The Soyuz capsule MS-22, which serves as a spacecraft for the crew, burst with a coolant leak last month after it was struck by a micrometeoroid – a small particle of space rock – which made a tiny puncture and caused the temperature inside to rise.
Roscosmos and NASA said this week that a new spacecraft, Soyuz MS-23, will be launched next month to bring back cosmonauts Sergey Prokopyev and Dmitry Petelin and US astronaut Frank Rubio. But since the ISS will not be docked until February 22nd.
While it may have been an emergency earlier, Rubio’s seat was moved from MS 22 to the SpaceX Crew Dragon spacecraft and landed on the ISS, Roscosmos said on Saturday.
“If the launch is necessary, Francisco Rubio will return to Earth (Crew Dragon), and the Roscosmos cosmonauts (will return) in the MS-XXII Soyuz,” he said.
“The descent of two cosmonauts instead of three will be safer, as the Soyuz MS-22 will help reduce the temperature and humidity of the Soyuz.”
The mission was supposed to end in March, but the plan is now several months ahead and the three men brought home to MS-23. They were due to receive three new crews in March, but instead next month will be empty to join the crew with the ISS.

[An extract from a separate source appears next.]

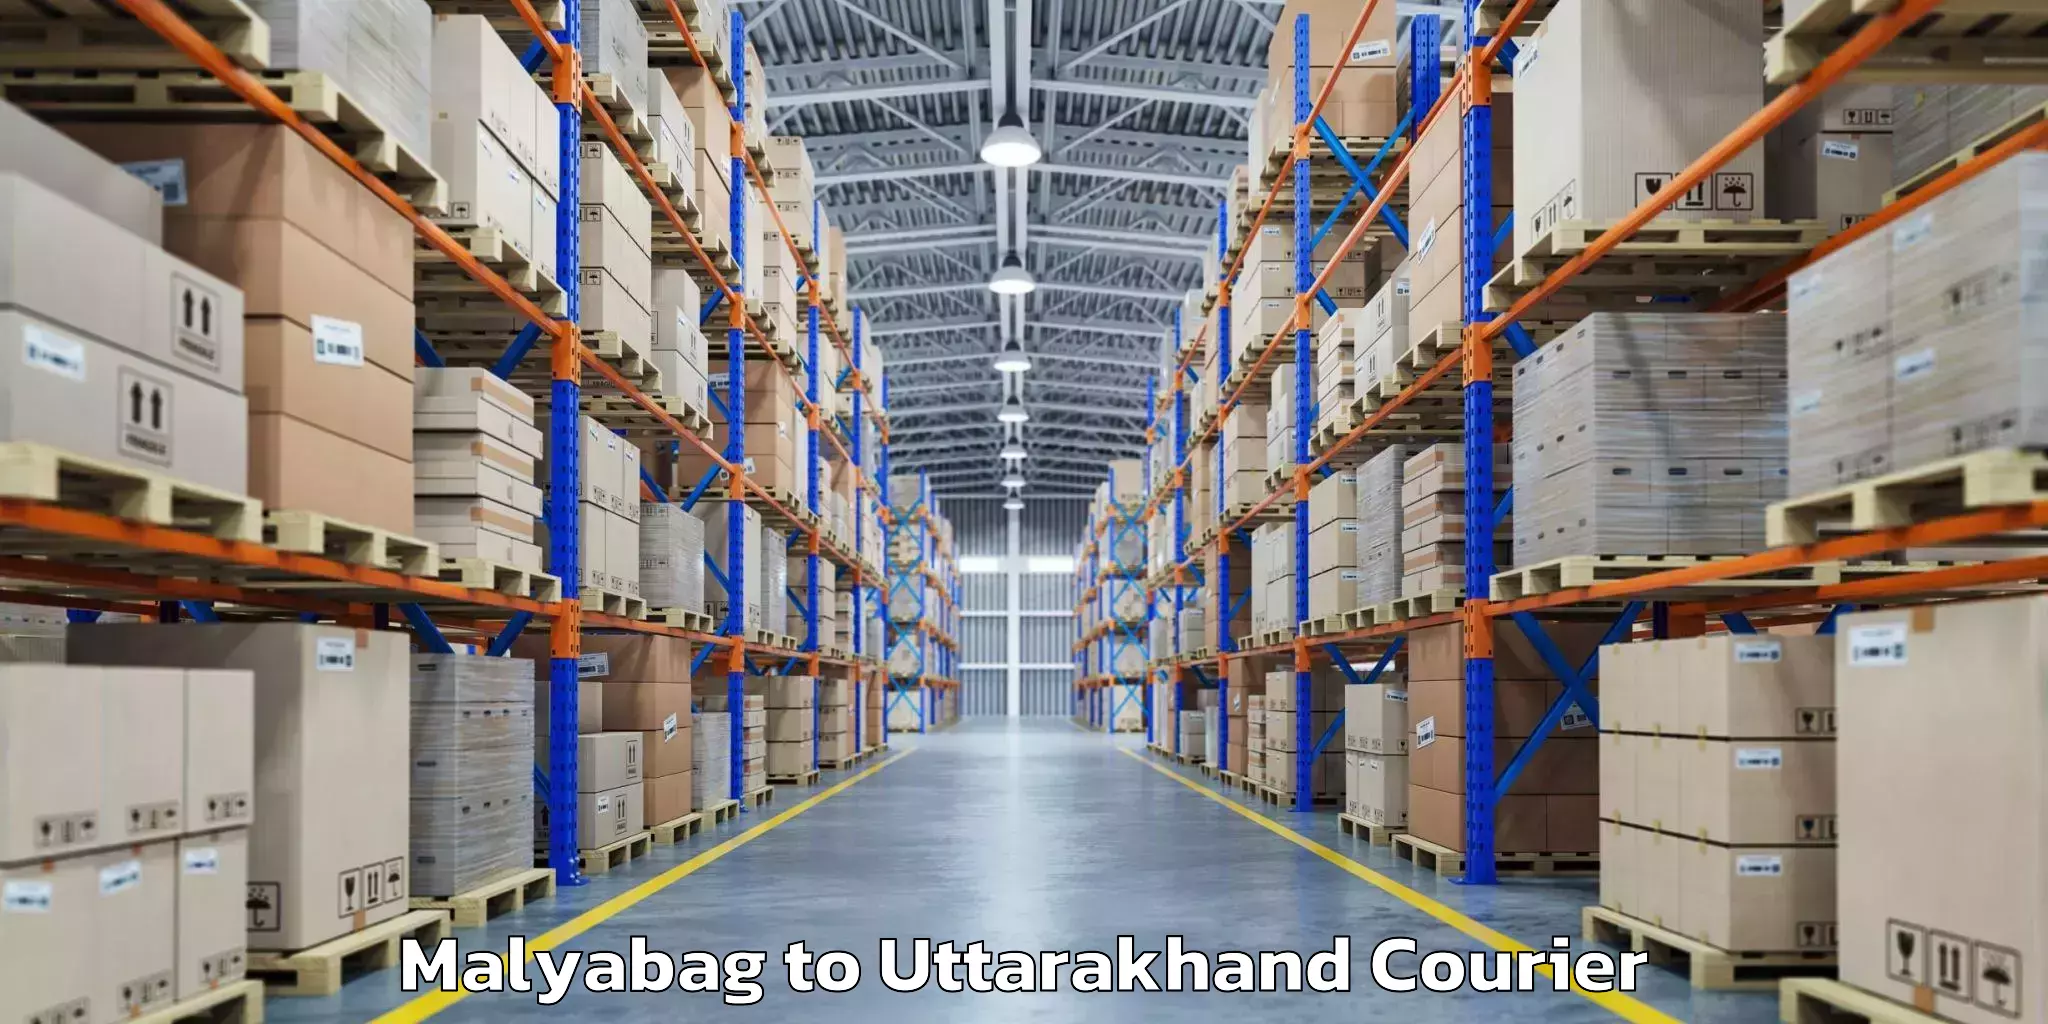 Luggage shipment tracking Malyabag to Uttarakhand

Four other crew members are currently on the orbital station – two from NASA, a third Russian and a Japanese astronaut, who all arrived in October on the SpaceX Crew Dragon capsule.
Relations between Russia and the United States have been poisoned by Moscow’s invasion of Ukraine, but the two countries continue to be closely linked on the ISS, an orbital laboratory 250 miles above Earth that has been continuously occupied for two decades.
But Russia has said it plans to retire the aging plan after 2024 and bring down its own station.